If you’ve ever wanted to use artificial intelligence to quickly design a hybrid between a duck and a corgi, now is your time to shine.
On Wednesday, OpenAI announced that anyone can now use the most recent version of its AI-powered DALL-E tool to generate a seemingly limitless range of images just by typing in a few words, months after the startup began gradually rolling it out to users.
The move will likely expand the reach of a new crop of AI-powered tools that have already attracted a wide audience and challenged our fundamental ideas of art and creativity. But it could also add to concerns about how such systems could be misused when widely available.
“Learning from real-world use has allowed us to improve our safety systems, making wider availability possible today,” OpenAI said in a blog post. The company said it has also strengthened the ways it rebuffs users attempts to make its AI create “sexual, violent and other content.”
There are now three well-known, immensely powerful AI systems open to the public that can take in a few words and spit out an image. In addition to DALL-E 2, there’s Midjourney, which became publicly available in July, and Stable Diffusion, which was released to the public in August by Stability AI. All three offer some free credits to users who want to get a feel for making images with AI online; generally, after that, you have to pay.
These so-called generative AI systems are already being used for experimental films, magazine covers, and real-estate ads. An image generated with Midjourney recently won an art competition at the Colorado State Fair, and caused an uproar among artists.
In just months, millions of people have flocked to these AI systems. More than 2.7 million people belong to Midjourney’s Discord server, where users can submit prompts. OpenAI said in its Wednesday blog post that it has more than 1.5 million active users, who have collectively been making more than 2 million images with its system each day. (It should be noted that it can take many tries to get an image you’re happy with when you use these tools.)
Many of the images that have been created by users in recent weeks have been shared online, and the results can be impressive. They range from otherworldly landscapes and a painting of French aristocrats as penguins to a faux vintage photograph of a man walking a tardigrade.
The ascension of such technology, and the increasingly complicated prompts and resulting images, has impressed even longtime industry insiders. Andrej Karpathy, who stepped down from his post as Tesla’s director of AI in July, said in a recent tweet that after getting invited to try DALL-E 2 he felt “frozen” when first trying to decide what to type in and eventually typed “cat”.

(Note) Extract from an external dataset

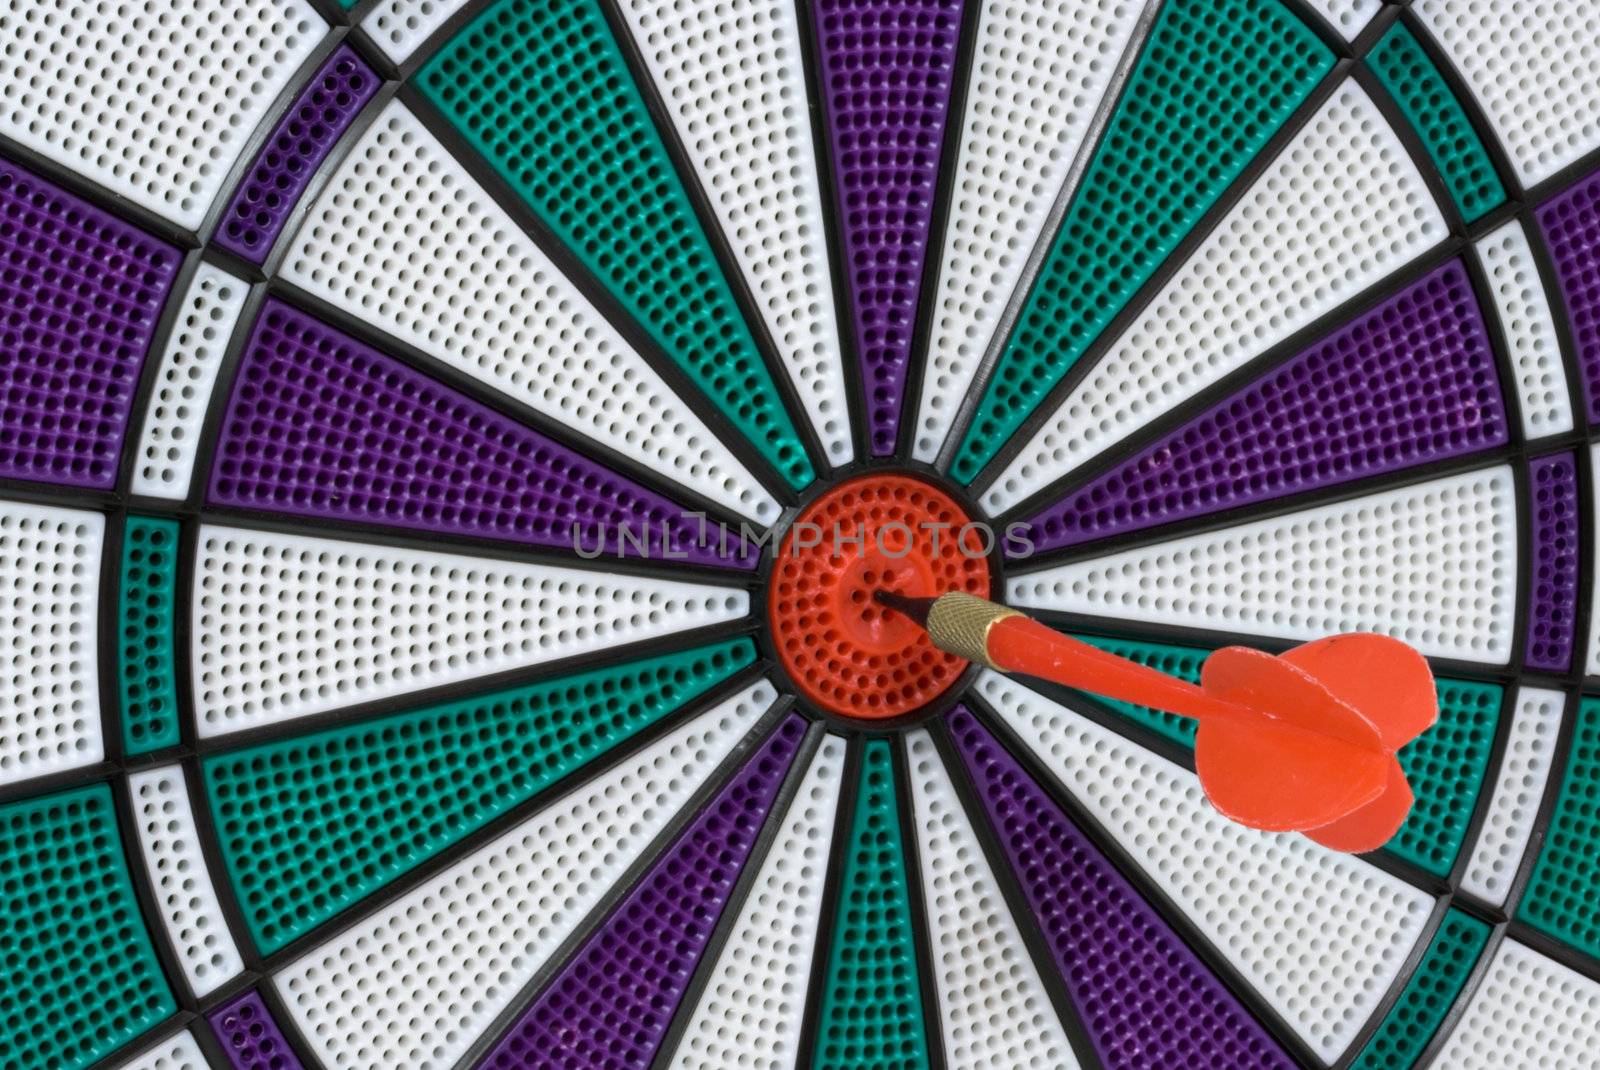 Dartboard with dart in center (bullseye)

“The art of prompts that the community has discovered and increasingly perfected over the last few months for text -> image models is astonishing,” he said.

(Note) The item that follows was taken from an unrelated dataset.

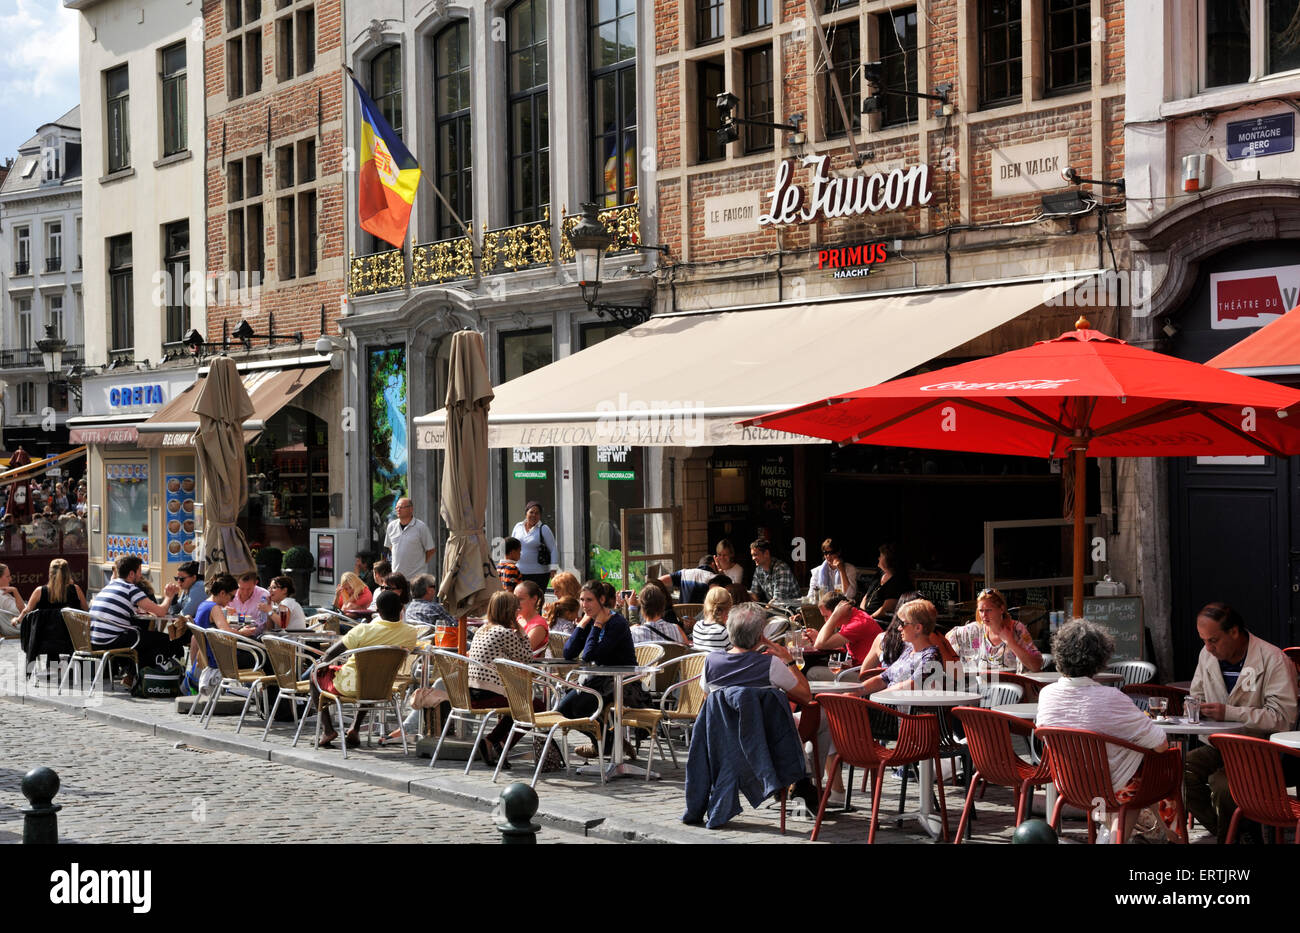 Belgique, Bruxelles, rue de la montagne, outdoor cafe Banque D'Images

But the popularity of this technology comes with potential downsides. Experts in AI have raised concerns that the open-ended nature of these systems — which makes them adept at generating all kinds of images from words — and their ability to automate image-making means they could automate bias on a massive scale. A simple example of this: When I fed the prompt “a banker dressed for a big day at the office” to DALL-E 2 this week, the results were all images of middle-aged white men in suits and ties.
“They’re basically letting the users find the loopholes in the system by using it,” said Julie Carpenter, a research scientist and fellow in the Ethics and Emerging Sciences Group at California Polytechnic State University, San Luis Obispo.
These systems also have the potential to be used for nefarious purposes, such as stoking fear or spreading disinformation via images that are altered with AI or entirely fabricated.
There are some limits for what images users can generate. For example, OpenAI has DALL-E 2 users agree to a content policy that tells them to not try to make, upload, or share pictures “that are not G-rated or that could cause harm.” DALL-E 2 also won’t run prompts that include certain banned words. But manipulating verbiage can get around limits: DALL-E 2 won’t process the prompt “a photo of a duck covered in blood,” but it will return images for the prompt “a photo of a duck covered in a viscous red liquid.” OpenAI itself mentioned this sort of “visual synonym” in its documentation for DALL-E 2.
Chris Gilliard, a Just Tech Fellow at the Social Science Research Council, thinks the companies behind these image generators are “severely underestimating” the “endless creativity” of people who are looking to do ill with these tools.
“I feel like this is yet another example of people releasing technology that’s sort of half-baked in terms of figuring out how it’s going to be used to cause chaos and create harm,” he said. “And then hoping that later on maybe there will be some way to address those harms.”
To sidestep potential issues, some stock-image services are banning AI images altogether. Getty Images confirmed to CNN Business on Wednesday that it will not accept image submissions that were created with generative AI models, and will take down any submissions that used those models. This decision applies to its Getty Images, iStock, and Unsplash image services.
“There are open questions with respect to the copyright of outputs from these models and there are unaddressed rights issues with respect to the underlying imagery and metadata used to train these models,” the company said in a statement.
But actually catching and restricting these images could prove to be a challenge.